Редактор "Новой газеты" Дмитрий Муратов, публично заявивший в январе 2011 года о приостановке своей работы в Общественном совете при ГУВД Москвы, но не покинувший его, объясняет корреспонденту Радио Свобода, зачем либеральная интеллигенция сотрудничает с властью.
– Каковы были ваши мотивы вступления в Общественный совет представителей СМИ и общественных объединений при ГУВД Москвы?
– Наша газета постоянно и жестко критиковала МВД России и ГУВД Москвы. С приходом в столичное ГУВД нового начальника Владимира Колокольцева ситуация вокруг московской милиции стала меняться в лучшую сторону. Я это вижу на тех примерах, которые мне приводят сотрудники органов, являющиеся нашими источниками информации (не секрет, что такие есть у каждой уважающей себя редакции). Когда при этом руководителе мне было предложено войти в общественный совет, я согласился без раздумий.
Главным для меня оказалась возможность вести ежемесячный прием граждан, обманутых или обиженных правоохранительными органами. Я это делал уже трижды. И услышал поразительные истории. Рассказ преподавателя дзюдо, которого незаконно посадили из-за того, что хотели отдать спортивный зал жене ректора. Рассказ парня, которого на пешеходном переходе задел навороченный джип, а потом водителю показалось мало, он догнал пострадавшего в переулке и избил. Или судьбы женщин, которых выселяют из общежития, где они прожили 30 лет, работая на одном из московских предприятий. Возможно, мы сможем как-то всем этим людям помочь.

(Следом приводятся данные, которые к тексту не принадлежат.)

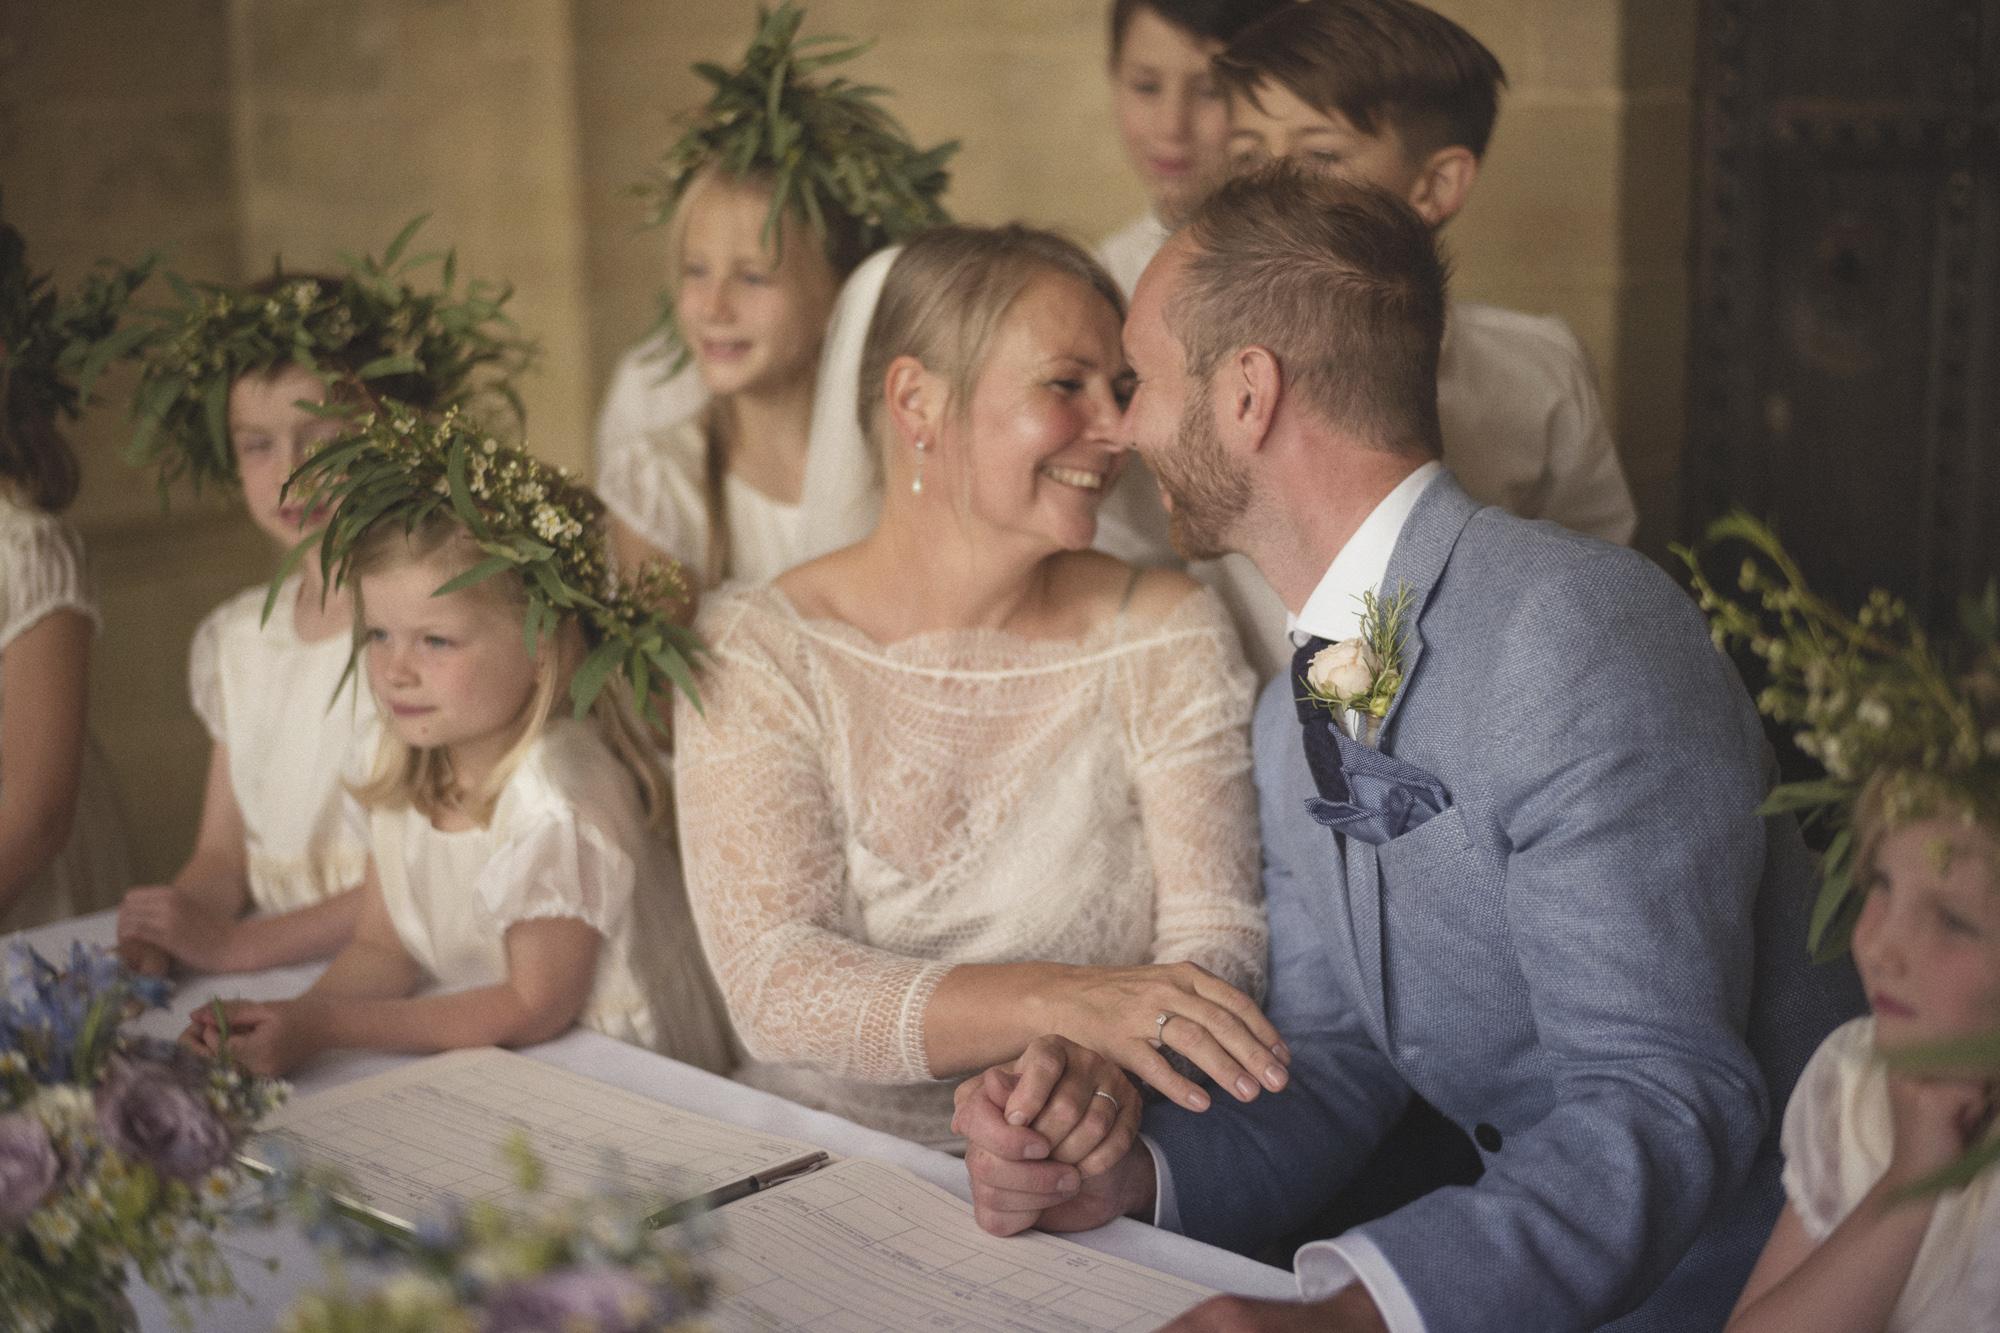 Jaz-Kate-Beaumont-Oyster-Silk-Bias-Cut-Wedding-Gown-Larkspur-Lace-Top-Sussex-Wedding-10.jpg

– Вы же главный редактор "Новой". Разве к вам в редакцию не приходят люди с такими историями?
– Я как раз и воспринимаю свою деятельность в Совете как продолжение газетной работы. Но согласно Административному кодексу, срок реакции должностных лиц на обращения СМИ может достигать 30 дней. А в Общественном совете я имею возможность напрямую обратиться к руководству ГУВД. И меры будут приняты быстрее. Так повышается интенсивность информационного обмена. А значит и увеличивается эффективность газетной работы.
– Какие преференции дает вам ваша должность в общественном совете?
– Никаких, кроме потраченного личного времени и нервов. Я даже не автомобилист. У меня нет машины. Поэтому меня не интересуют корочки, которые нужны, как мигалка Михалкову или козе – баян.
– Можете ли вы предположить, что побуждает ваших коллег участвовать в работе Общественного совета при ГУВД Москвы и подобных ему структурах?
– Я могу говорить только за коллег-главных редакторов. Для них это такое же продолжение профессиональной деятельности, как и для меня. Это правильно, когда любой человек, считающий себя уязвленным милицией, имеет возможность лицом к лицу встретится с кем-то из редакторов самых влиятельных СМИ в стране и надеяться на их помощь. Так мы можем сокращать сроки получения ответов от руководителей милиции. Это все ради ускорения процесса. Во многих случаях сроки оказания помощи играют решающую роль.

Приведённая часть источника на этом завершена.